The news that George Soros, a man well known both in financial and political circles, has pledged to give $1 billion to create the Open Society University Network (OSUN) has spread like wildfire in the media.

Mr. Soros and his organization, Open Society Foundations (OSF), will partner with Bard College to create a global network of educational institutions. This new venture, according to Mr. Soros, will have several objectives. Foremost, he sees this venture as a way to advance the cause of open society and to fight against authoritarian nationalism and climate change. Secondly, he sees the creation of this network as a means to promote quality education and “personal autonomy.”

Mr. Soros made this announcement at the sidelines of the World Economic Forum in Davos, Switzerland. The speech was political. Mr. Soros spoke about the significant political issues of our time, criticizing China, India, and Russia.

The tone of his speech was somber. Mr. Soros recognized that the cause he was advocating for had suffered major setbacks. He expressed doubts about the impeachment process and admitted that President Trump could be re-elected. However, Mr. Soros told his audience that giving into despair would be a mistake. He called for a long-term strategy.

Mr. Soros’ choice of partnership for this new venture is even more puzzling—Bard College. It isn’t a prominent American institution. It’s a small artsy school in upstate New York, known for its mercurial president—Leon Botstein.

He has been the president of Bard for several decades. Botstein has also pursued a side career as an orchestra conductor. He often plays the role of a public intellectual, sharing his opinion on practically any subject as long is it captures headlines. Botstein also plays a major role in the OSF and the Central European University created by Mr. Soros.

However, choosing a small liberal arts school with limited resources for a major venture is puzzling.

What could have prompted this unlikely partnership? Mr. Soros’s speech provides some insights into his motivations. As the speech indicates, Mr. Soros is aware that the wind is no longer at his back and that the road ahead will be uphill. His educational initiative is his answer to the challenges he sees in the future. In other words, his primary motivation is a long-term strategy to achieve his political goals.

These political goals emerge from the ideological vision of open society that Mr. Soros adopted a long time ago. Popularized by Karl Popper, an Austrian philosopher, the ideology of an open society was a response to communism in the Cold War. Yet Mr. Soros has remained committed to this ideological vision. He has become its chief and only advocate. He turned open society into his personal ideology and created an organization to promote it.

Bard has never had much success with its endowment, particularly in the current economy. The incorporation of Bard into the OSUN solves this issue with a pen stroke. The price, of course, will be Bard’s loss of independence, despite assurances made by Botstein. Further, Botstein is likely to serve as the chancellor for the OSUN.
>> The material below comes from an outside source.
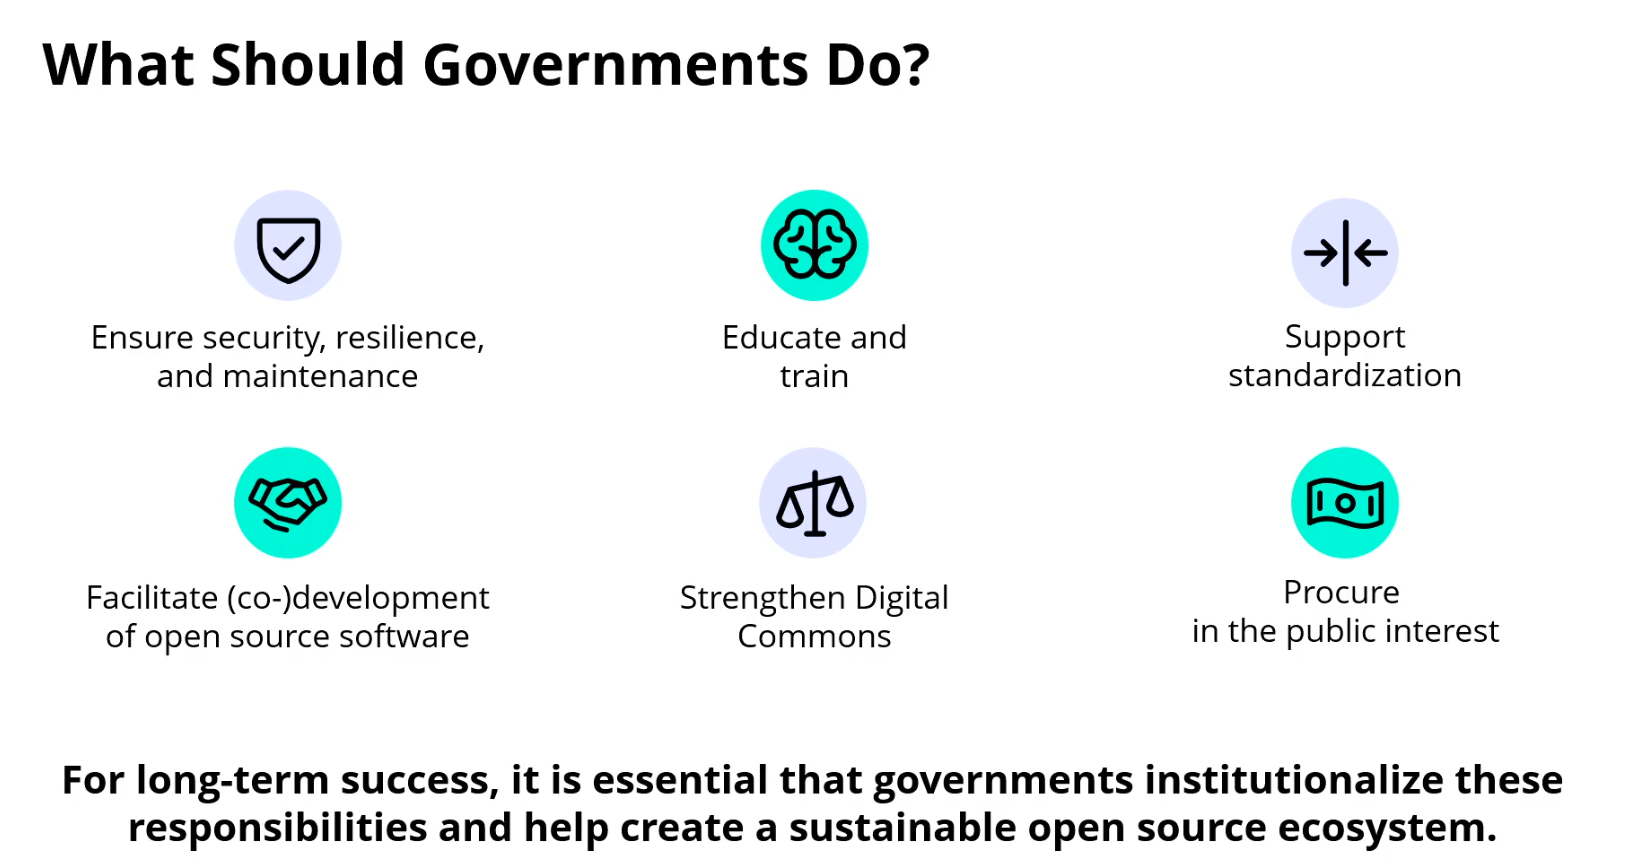 What should governments do? Ensure security, resilience and maintenance. Educate and train. Support standardization. Facilitate (co-)development of open source software. Strengthen Digital Commons. Procure in the public interest.

The motivation for creating the OSUN is political. The OSUN will use education as a tool for ideological and political purposes—to advance and promote the vision and ideology of open society. Combining education with ideological and political goals can amount to indoctrination.

The creation of the OSUN is designed to benefit Soros and Botstein, who are the principal architects of this network. The real losers will be the college and its faculty, who have not been consulted nor involved in any way in the discussions of this deal. The parents and students who will be lured into this new network will also be among the losers. The “education” that OSUN promises will serve primarily to indoctrinate students into the ideology of open society and make them into warriors for Soros’s political ambitions.